**ABOUT THIS EXERCISE:** Find all the lines in the material below with the word "Diamond", and copy them.

**RECORDED INFORMATION:**
^^^^^^^^^^^^^^^^
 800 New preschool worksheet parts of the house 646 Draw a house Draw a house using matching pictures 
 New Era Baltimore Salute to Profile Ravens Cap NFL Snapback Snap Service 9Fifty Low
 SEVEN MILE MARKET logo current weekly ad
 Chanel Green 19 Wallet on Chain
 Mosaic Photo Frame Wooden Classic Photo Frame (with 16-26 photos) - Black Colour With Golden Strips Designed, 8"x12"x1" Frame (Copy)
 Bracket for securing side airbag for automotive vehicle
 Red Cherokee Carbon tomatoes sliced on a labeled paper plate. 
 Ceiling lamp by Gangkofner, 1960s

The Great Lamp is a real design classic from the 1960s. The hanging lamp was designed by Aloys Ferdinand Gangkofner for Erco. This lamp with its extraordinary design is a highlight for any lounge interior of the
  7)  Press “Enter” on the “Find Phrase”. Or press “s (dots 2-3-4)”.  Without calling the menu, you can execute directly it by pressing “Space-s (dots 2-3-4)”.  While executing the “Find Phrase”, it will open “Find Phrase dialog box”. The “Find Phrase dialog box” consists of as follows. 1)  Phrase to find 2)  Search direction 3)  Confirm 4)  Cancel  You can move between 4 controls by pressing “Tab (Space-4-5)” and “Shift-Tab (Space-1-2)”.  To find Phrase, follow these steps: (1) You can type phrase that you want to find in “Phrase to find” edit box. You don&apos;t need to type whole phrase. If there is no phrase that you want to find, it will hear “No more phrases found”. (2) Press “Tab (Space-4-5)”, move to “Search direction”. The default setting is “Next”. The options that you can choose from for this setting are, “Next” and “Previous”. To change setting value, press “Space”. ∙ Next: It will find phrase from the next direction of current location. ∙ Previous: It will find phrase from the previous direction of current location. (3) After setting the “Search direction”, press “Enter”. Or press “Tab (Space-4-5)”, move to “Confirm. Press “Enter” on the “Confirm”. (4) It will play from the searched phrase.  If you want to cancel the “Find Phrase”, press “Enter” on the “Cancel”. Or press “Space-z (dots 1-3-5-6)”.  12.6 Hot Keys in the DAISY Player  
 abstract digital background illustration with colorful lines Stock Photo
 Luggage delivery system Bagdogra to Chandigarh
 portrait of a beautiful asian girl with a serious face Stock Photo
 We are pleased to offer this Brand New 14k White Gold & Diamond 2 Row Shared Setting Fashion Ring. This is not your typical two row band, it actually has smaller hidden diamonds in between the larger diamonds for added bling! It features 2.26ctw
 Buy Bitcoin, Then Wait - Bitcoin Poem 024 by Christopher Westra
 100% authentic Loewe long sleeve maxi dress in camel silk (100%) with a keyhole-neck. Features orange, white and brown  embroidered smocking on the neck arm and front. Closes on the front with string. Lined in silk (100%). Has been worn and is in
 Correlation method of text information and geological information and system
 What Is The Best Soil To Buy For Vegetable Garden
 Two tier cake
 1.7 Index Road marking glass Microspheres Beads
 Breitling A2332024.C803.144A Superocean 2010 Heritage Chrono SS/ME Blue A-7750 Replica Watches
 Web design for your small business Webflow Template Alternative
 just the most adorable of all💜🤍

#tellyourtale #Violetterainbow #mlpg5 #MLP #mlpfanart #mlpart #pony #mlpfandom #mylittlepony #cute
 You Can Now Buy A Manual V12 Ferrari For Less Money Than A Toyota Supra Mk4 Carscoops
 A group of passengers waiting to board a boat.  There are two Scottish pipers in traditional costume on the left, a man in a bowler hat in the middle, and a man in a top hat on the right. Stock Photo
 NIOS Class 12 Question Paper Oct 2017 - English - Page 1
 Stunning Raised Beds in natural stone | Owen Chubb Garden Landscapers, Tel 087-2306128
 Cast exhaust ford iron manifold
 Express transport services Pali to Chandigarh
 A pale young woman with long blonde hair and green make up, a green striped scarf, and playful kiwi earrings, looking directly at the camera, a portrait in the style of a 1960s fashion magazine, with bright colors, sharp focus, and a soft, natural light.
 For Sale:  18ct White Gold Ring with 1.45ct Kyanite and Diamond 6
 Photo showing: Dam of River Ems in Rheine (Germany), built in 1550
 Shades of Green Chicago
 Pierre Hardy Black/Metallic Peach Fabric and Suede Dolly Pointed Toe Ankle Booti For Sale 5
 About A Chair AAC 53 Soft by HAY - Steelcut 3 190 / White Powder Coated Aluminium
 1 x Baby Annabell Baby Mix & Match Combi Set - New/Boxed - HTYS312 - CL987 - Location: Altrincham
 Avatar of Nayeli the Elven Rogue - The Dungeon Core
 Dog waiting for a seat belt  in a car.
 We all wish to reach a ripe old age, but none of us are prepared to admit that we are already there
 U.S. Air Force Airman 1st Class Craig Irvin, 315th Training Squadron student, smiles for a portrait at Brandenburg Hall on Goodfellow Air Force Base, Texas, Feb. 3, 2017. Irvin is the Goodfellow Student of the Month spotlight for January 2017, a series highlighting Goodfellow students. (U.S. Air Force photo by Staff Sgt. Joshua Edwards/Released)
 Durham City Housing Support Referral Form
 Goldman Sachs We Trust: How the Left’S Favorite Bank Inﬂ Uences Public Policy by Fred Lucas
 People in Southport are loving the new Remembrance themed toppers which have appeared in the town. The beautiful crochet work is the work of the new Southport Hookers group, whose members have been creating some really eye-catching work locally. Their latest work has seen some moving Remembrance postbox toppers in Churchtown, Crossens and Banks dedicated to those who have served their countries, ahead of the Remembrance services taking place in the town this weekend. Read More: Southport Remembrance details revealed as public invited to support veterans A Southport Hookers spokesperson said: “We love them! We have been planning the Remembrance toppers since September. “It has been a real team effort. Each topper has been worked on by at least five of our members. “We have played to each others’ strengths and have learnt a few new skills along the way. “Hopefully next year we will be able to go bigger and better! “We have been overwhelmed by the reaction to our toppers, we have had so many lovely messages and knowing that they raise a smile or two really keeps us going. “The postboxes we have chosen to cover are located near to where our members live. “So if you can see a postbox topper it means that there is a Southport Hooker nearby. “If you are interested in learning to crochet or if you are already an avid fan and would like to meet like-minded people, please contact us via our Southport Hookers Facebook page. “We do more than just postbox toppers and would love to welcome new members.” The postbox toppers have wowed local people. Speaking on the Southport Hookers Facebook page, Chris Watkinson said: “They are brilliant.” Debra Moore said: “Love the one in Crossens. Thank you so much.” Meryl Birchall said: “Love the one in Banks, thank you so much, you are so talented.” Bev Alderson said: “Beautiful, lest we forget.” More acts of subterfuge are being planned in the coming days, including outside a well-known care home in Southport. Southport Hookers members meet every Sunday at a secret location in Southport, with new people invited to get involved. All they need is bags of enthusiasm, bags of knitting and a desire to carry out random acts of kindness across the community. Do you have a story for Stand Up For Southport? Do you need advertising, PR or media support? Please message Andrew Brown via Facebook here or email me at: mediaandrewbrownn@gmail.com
^^^^^^^^^^^^^^^^
**OUTPUT FOR THIS TASK:**
 We are pleased to offer this Brand New 14k White Gold & Diamond 2 Row Shared Setting Fashion Ring. This is not your typical two row band, it actually has smaller hidden diamonds in between the larger diamonds for added bling! It features 2.26ctw
 For Sale:  18ct White Gold Ring with 1.45ct Kyanite and Diamond 6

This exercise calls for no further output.